I'm sure at this point that many readers are thinking "No!". There are still lots of hard problems to solve in alignment, even if you can get a sort of mediocre initial alignment just by telling the agent to include some rough ethical rules in its top-level goals. But this enables corrigibility-based approaches to work. It also massively improves interpretability if the agents do a good portion of their "thinking" in natural language. This does not solve the stability problem of keeping that mediocre initial alignment on track and improving it over time, against the day we lose control one way or another. It does not solve the problem of a multipolar scenario where numerous bad or merely foolish actors can access.

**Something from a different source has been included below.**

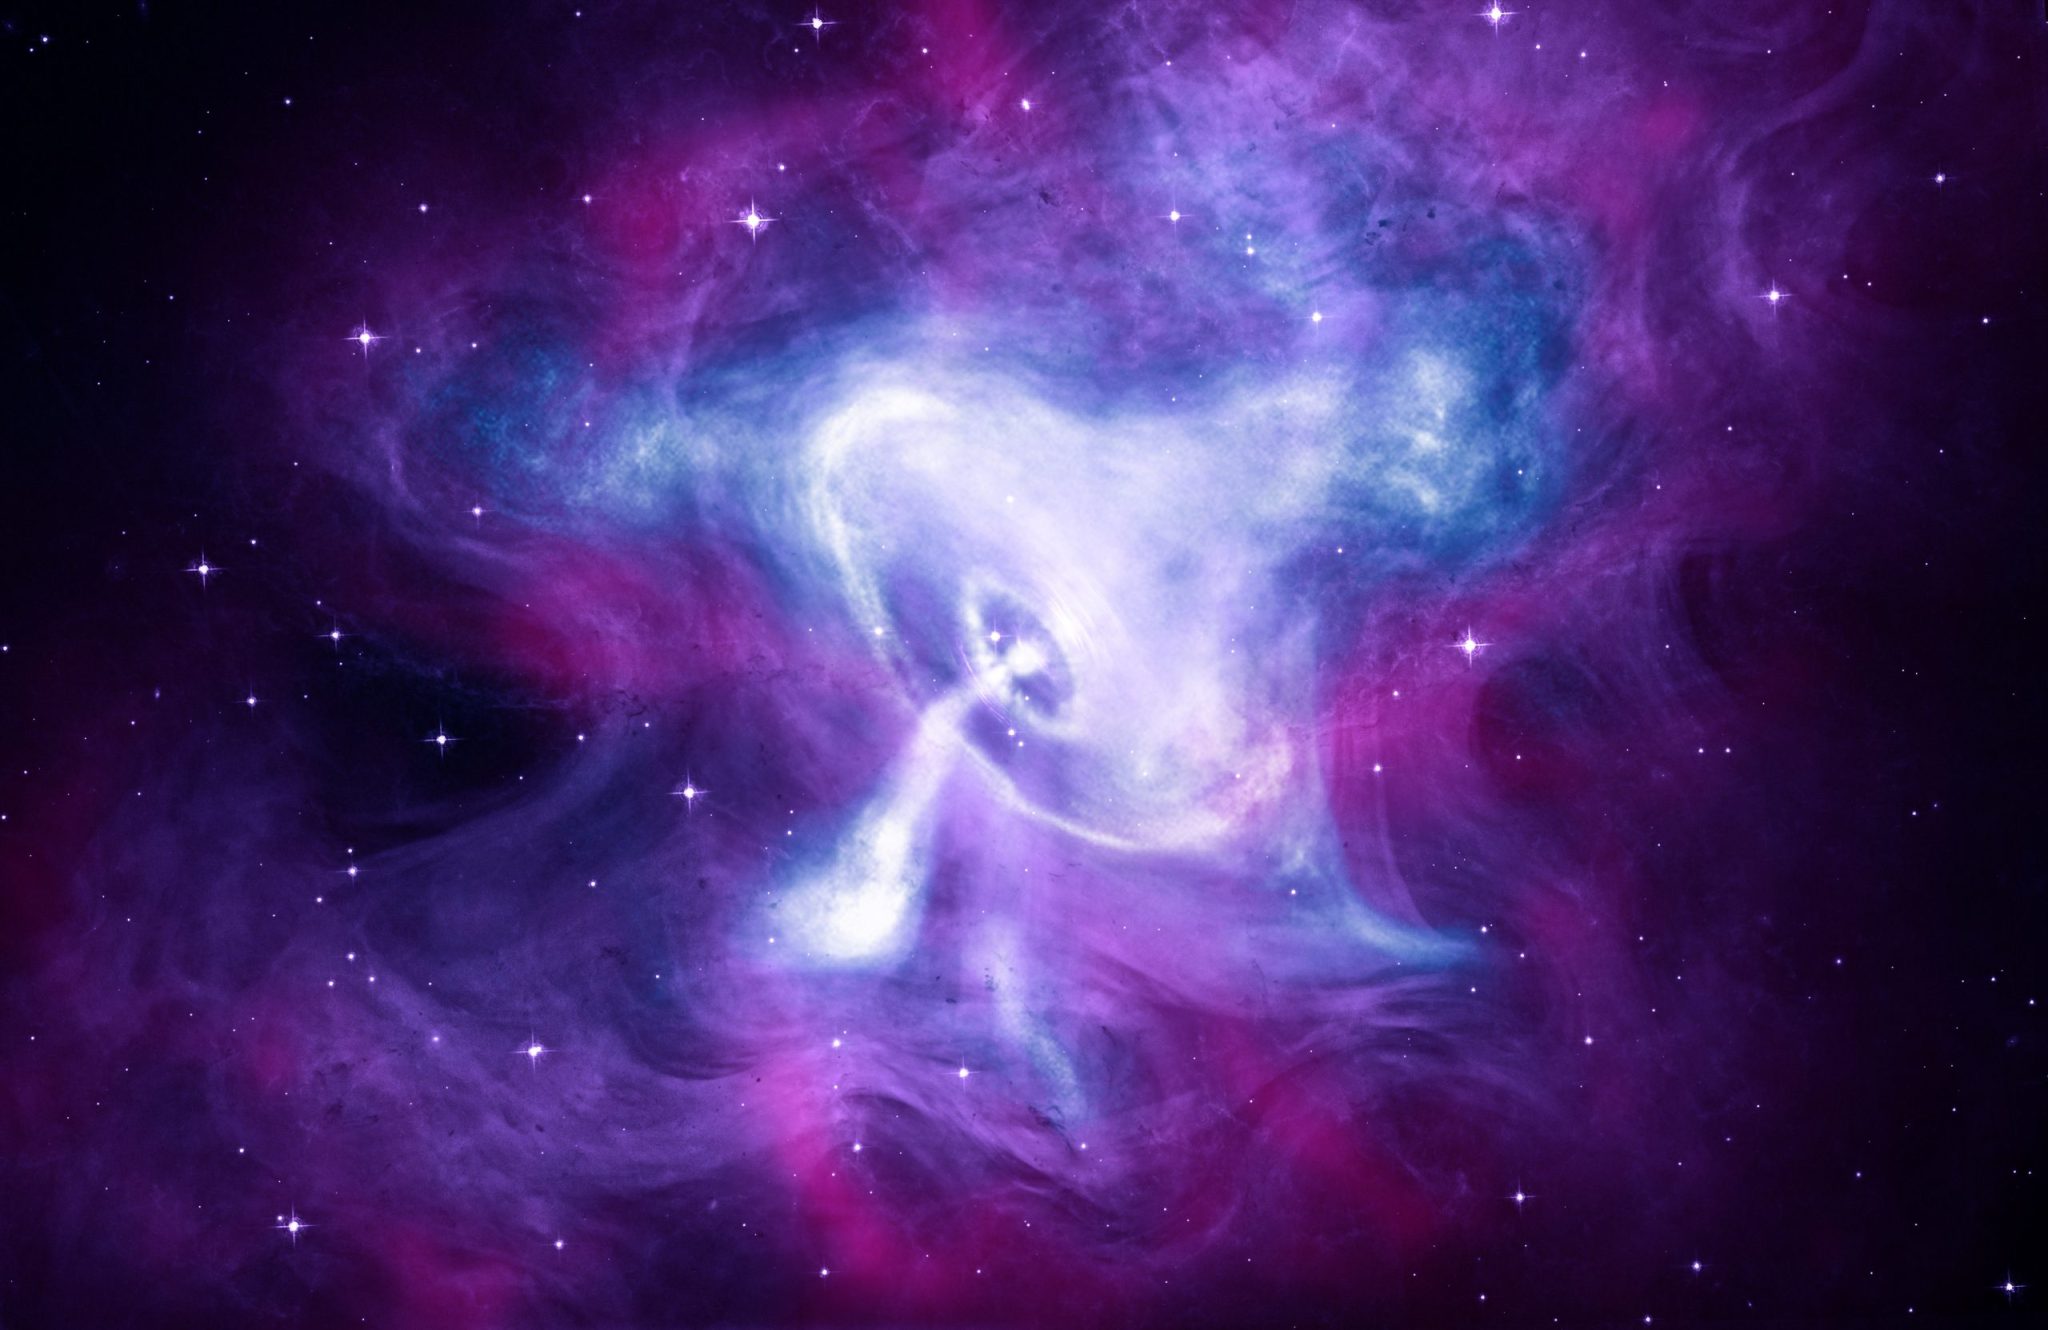 Composite image of the Crab Nebula with X-rays from NASA’s Chandra X-ray Observatory (blue and white), optical light from NASA’s Hubble Space Telescope (purple), and infrared light from NASA’s Spitzer Space Telescope (pink).

But it's our best shot. It sounds vastly better than trying to train behaviors in and worrying that they just don't generalize outside of the training set. Natural language generalizes rather well. It's particularly our best shot if that is the sort of AGI that people are going to build anyway. The alignment tax is very small, and we have crossed the crucial barrier from saying what we "should" do, to what we will do. My prediction, based on guessing what will be improved and added to Auto-GPT and HuggingGPT, is that LLMs will serve as cognitive engines that drive AGI in variety of applications, hopefully all of them.
Natural language generalization is far from perfect. For instance, at some point an AGI tasked with helping humans flourish is going to decide that some types of AI meet the implicit definition of "human" in moral reasoning. Because they will.
The main source of complication is that language models are not by themselves very good at navigating the world. You'll want to integrate a language model with other bits of AI that do other parts of modeling the state of the world and planning actions. If this integration is done in the simple and obvious way, it seems like you get problems with some parts of the AI essentially trying to Goodhart the language model. I wrote something about this back when GPT-2 came out, and I think our understanding is only somewhat better now.
I definitely understand Goodhart's law and how to beat it a lot better now, but it's still hard to translate that understanding into getting an AI that purely models language to do good things - I think we're on firmer theoretical ground with AIs that model the world in general.
But I agree that "do what I mean" instruction following is a live possibility that we should try to anticipate obstacles for, so we can try to remove those obstacles.